(What the exercise asks):
From the first line to the last, copy the data exactly and drop the pictures.

───── Source material ─────

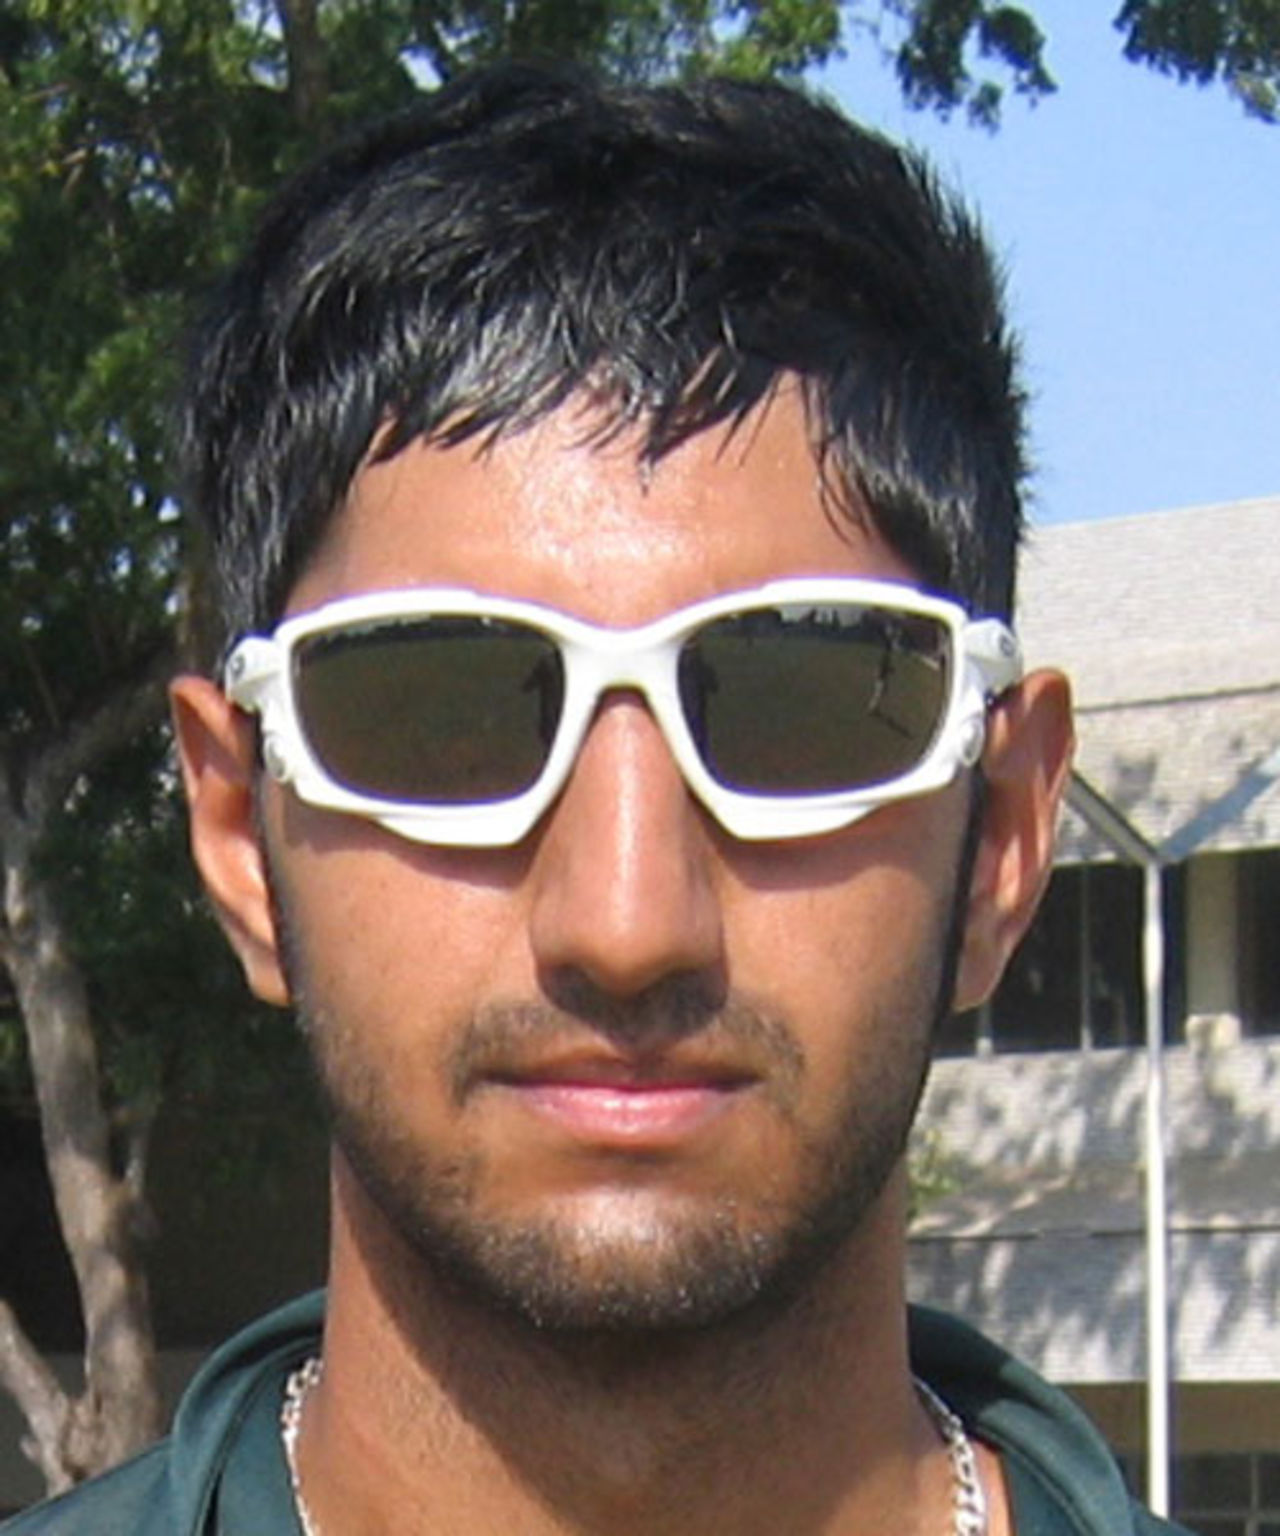 Irfan Karim
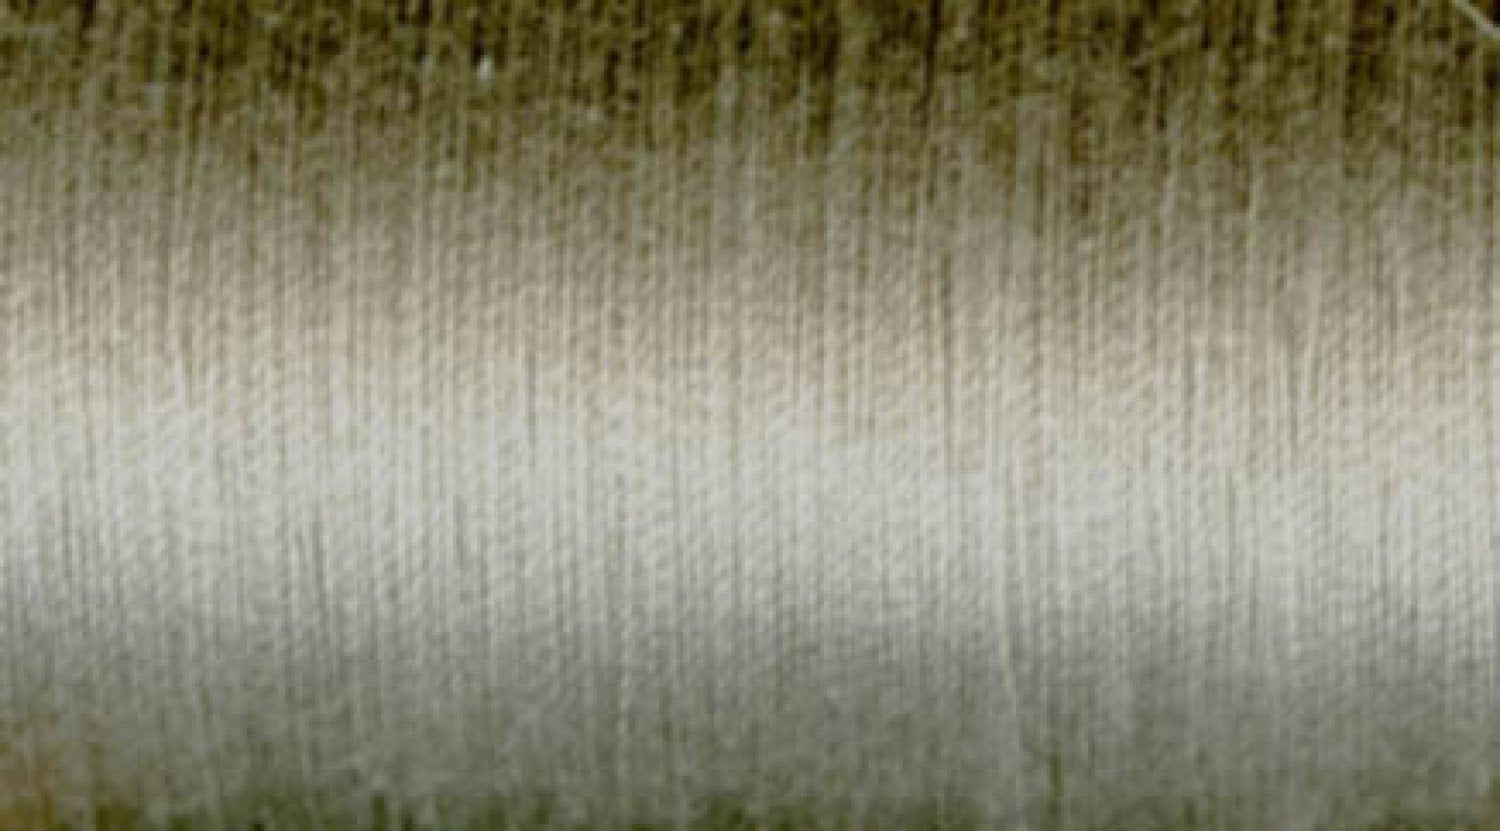 Illuminating Organic Cotton Sewing Thread-4803
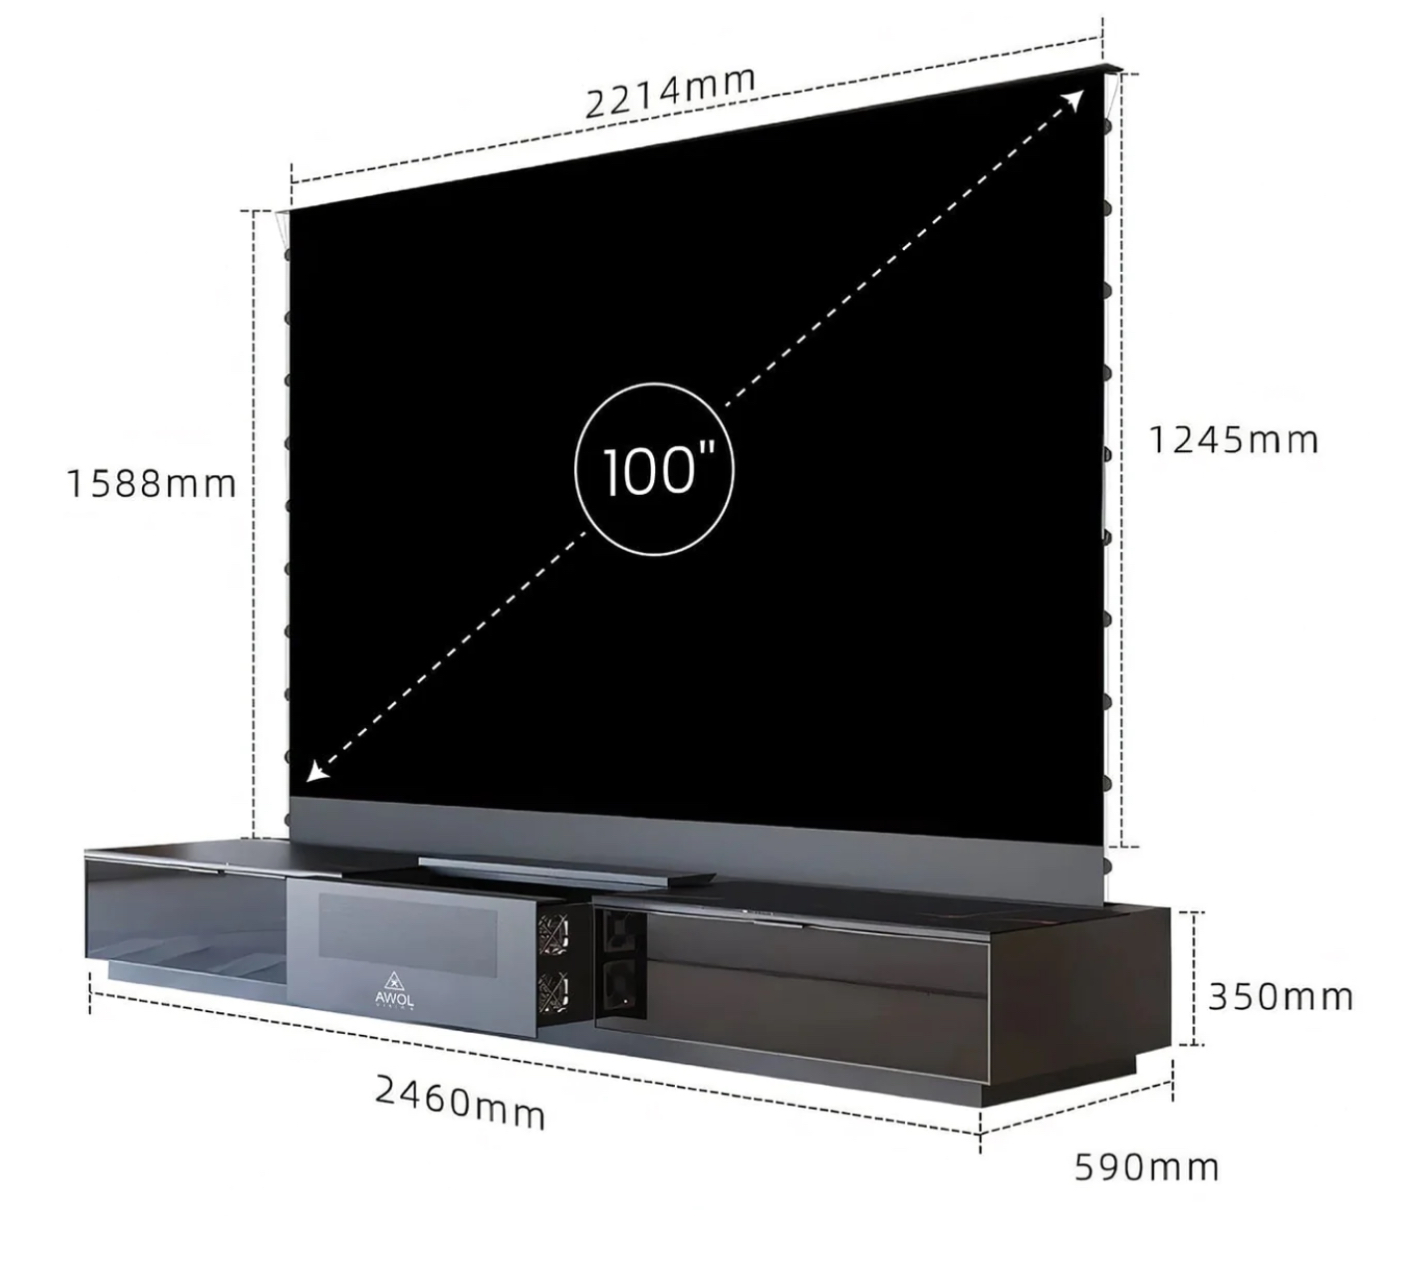 AWOL Vision Vanish Laser TV dimensions

─────

(Exercise output):
 Irfan Karim
 Illuminating Organic Cotton Sewing Thread-4803
 AWOL Vision Vanish Laser TV dimensions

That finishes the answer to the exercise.